Work item -
Repeat every line of the data exactly, but not the pictures.

____ Supplied information

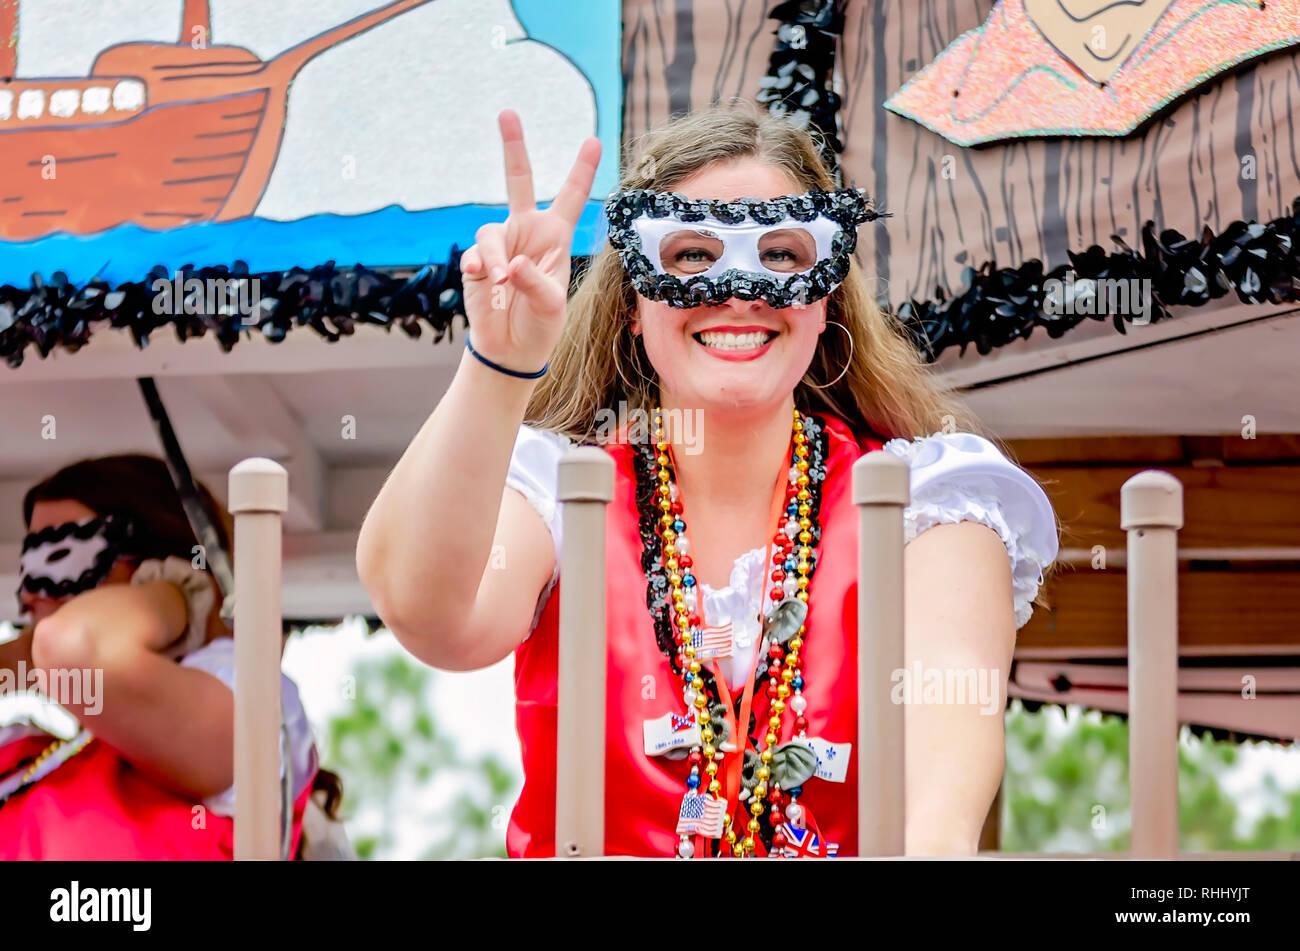 3696d4f13e0 Woman Wearing Mardi Gras Mask Stock Photos   Woman Wearing Mardi ...
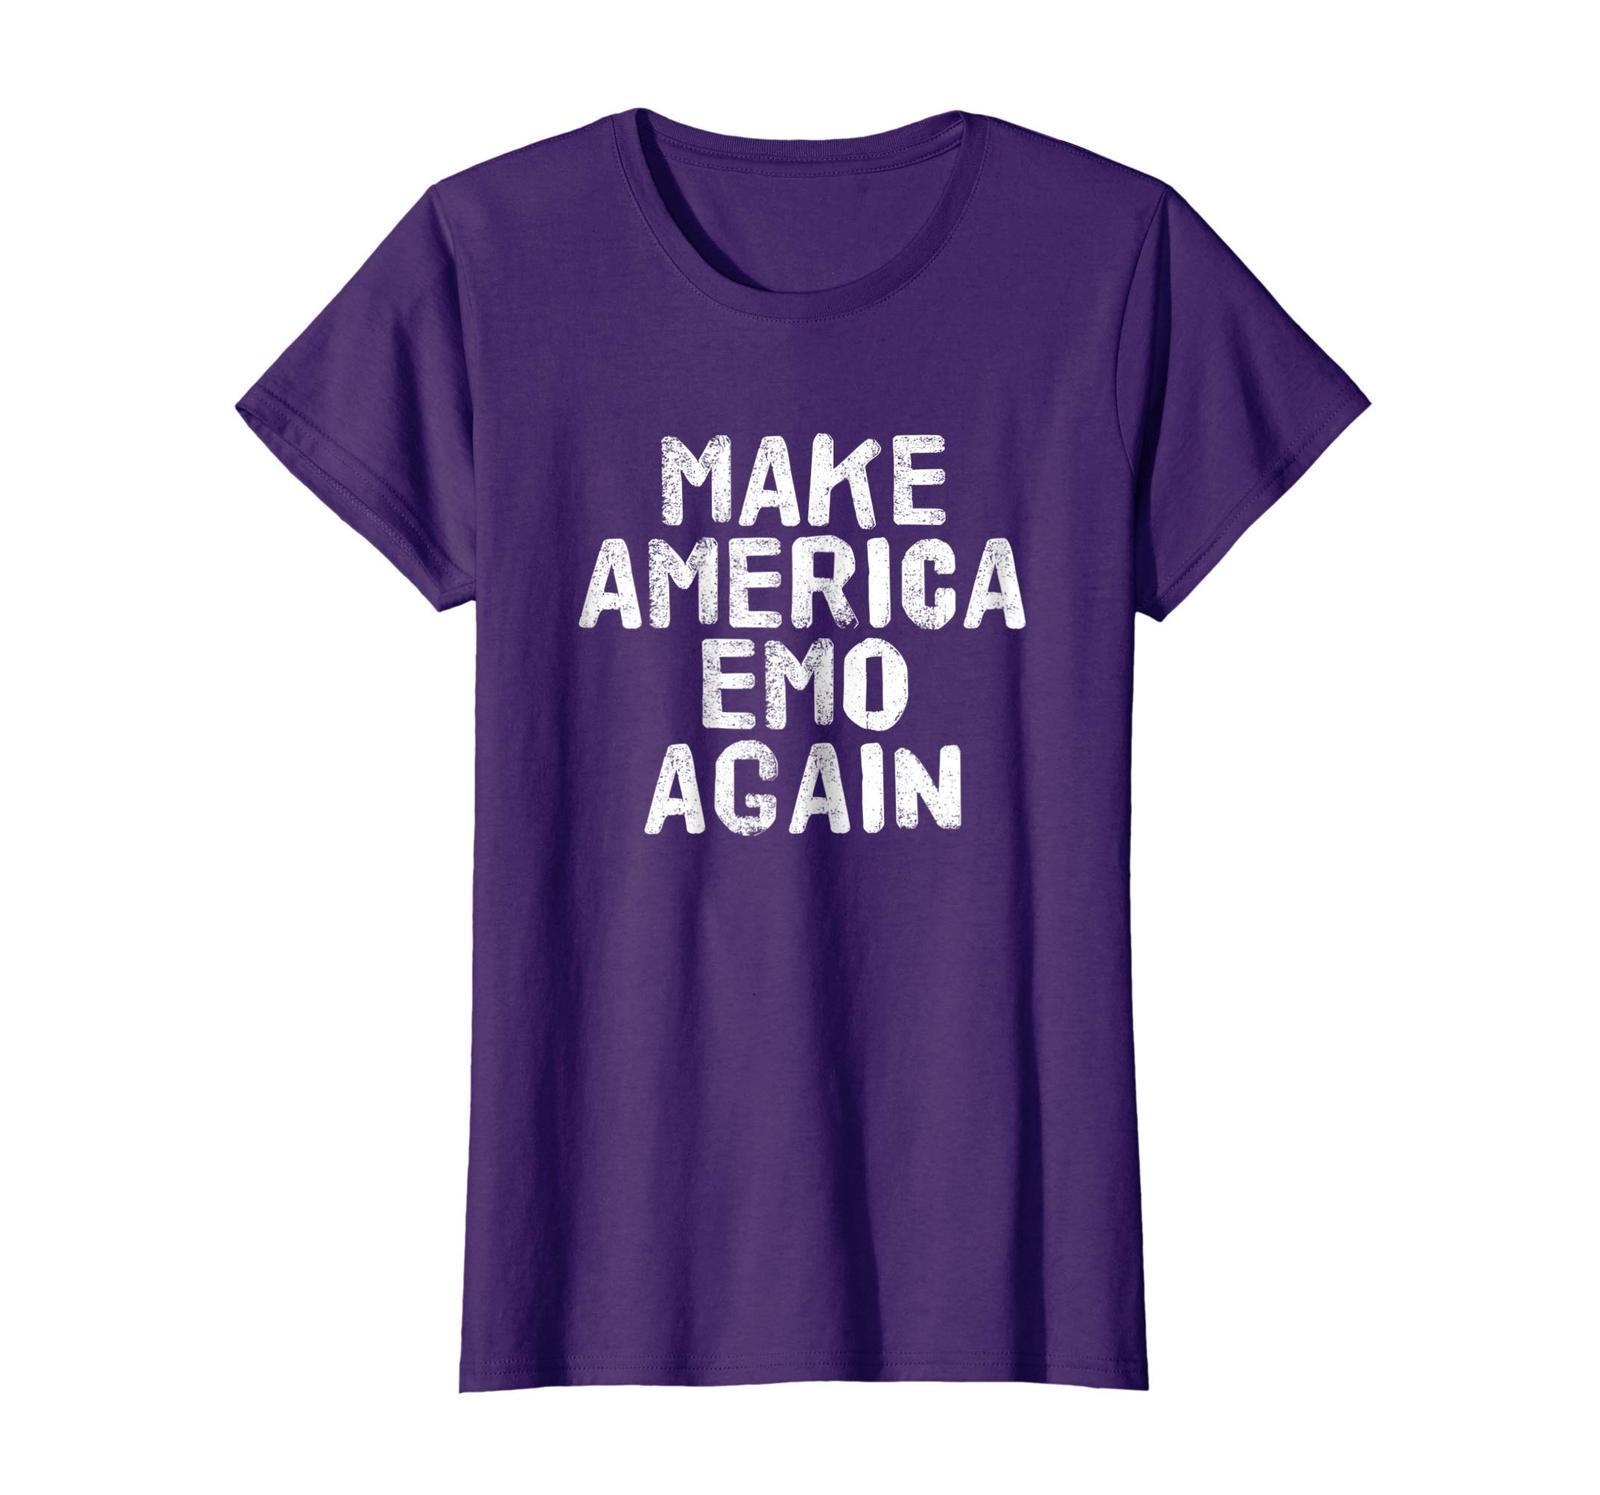 Brother Shirts - MAKE AMERICA EMO AGAIN Shirt Funny Goth US Gift Idea Wowen
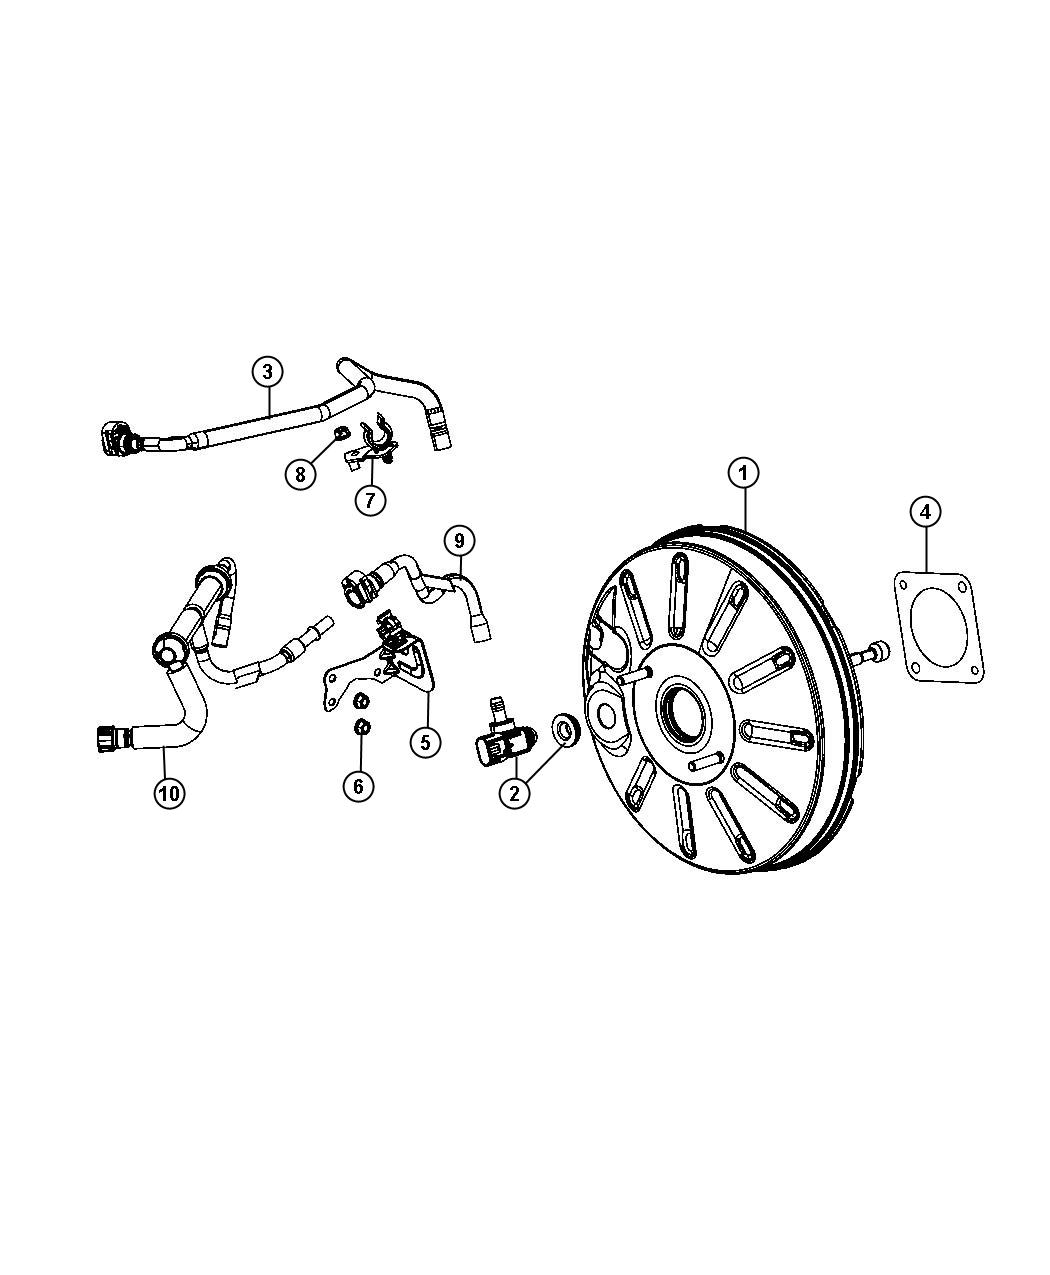 2013 Dodge Dart Hose. Brake booster vacuum. Engine, power
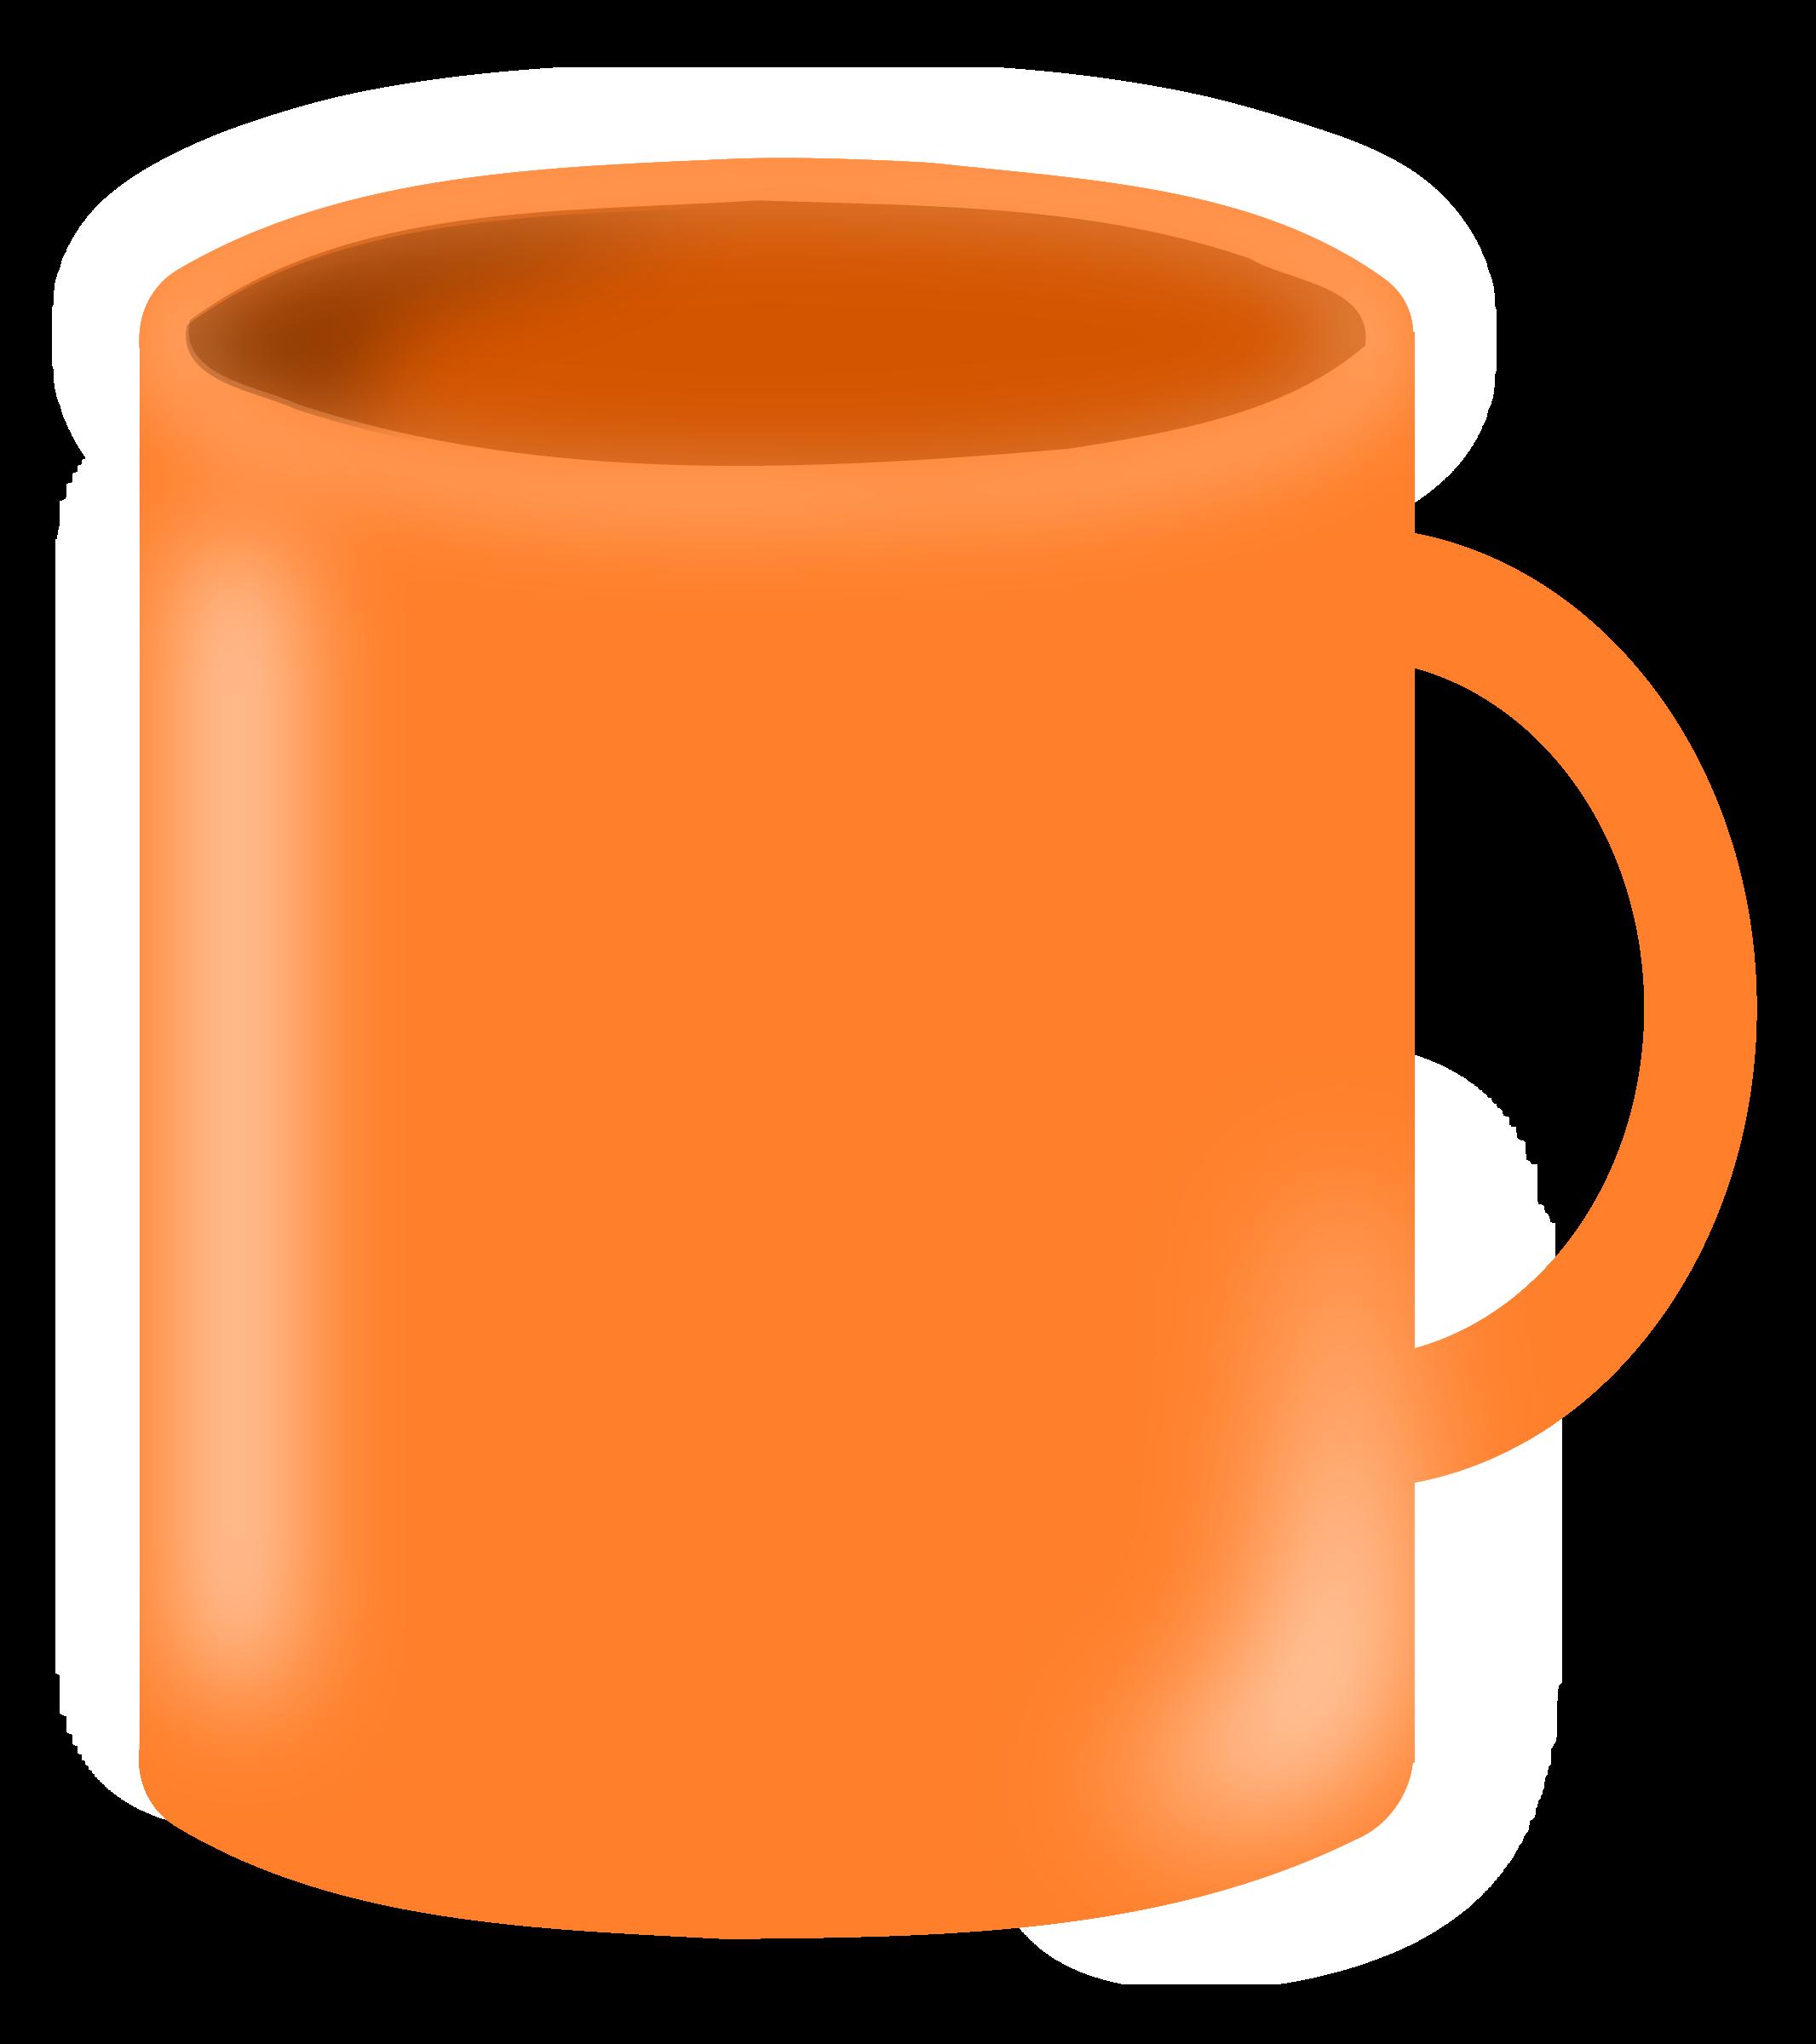 Mug clipart Clipart yenlung mug by mug

________

Completed exercise -
 3696d4f13e0 Woman Wearing Mardi Gras Mask Stock Photos   Woman Wearing Mardi ...
 Brother Shirts - MAKE AMERICA EMO AGAIN Shirt Funny Goth US Gift Idea Wowen
 2013 Dodge Dart Hose. Brake booster vacuum. Engine, power
 Mug clipart Clipart yenlung mug by mug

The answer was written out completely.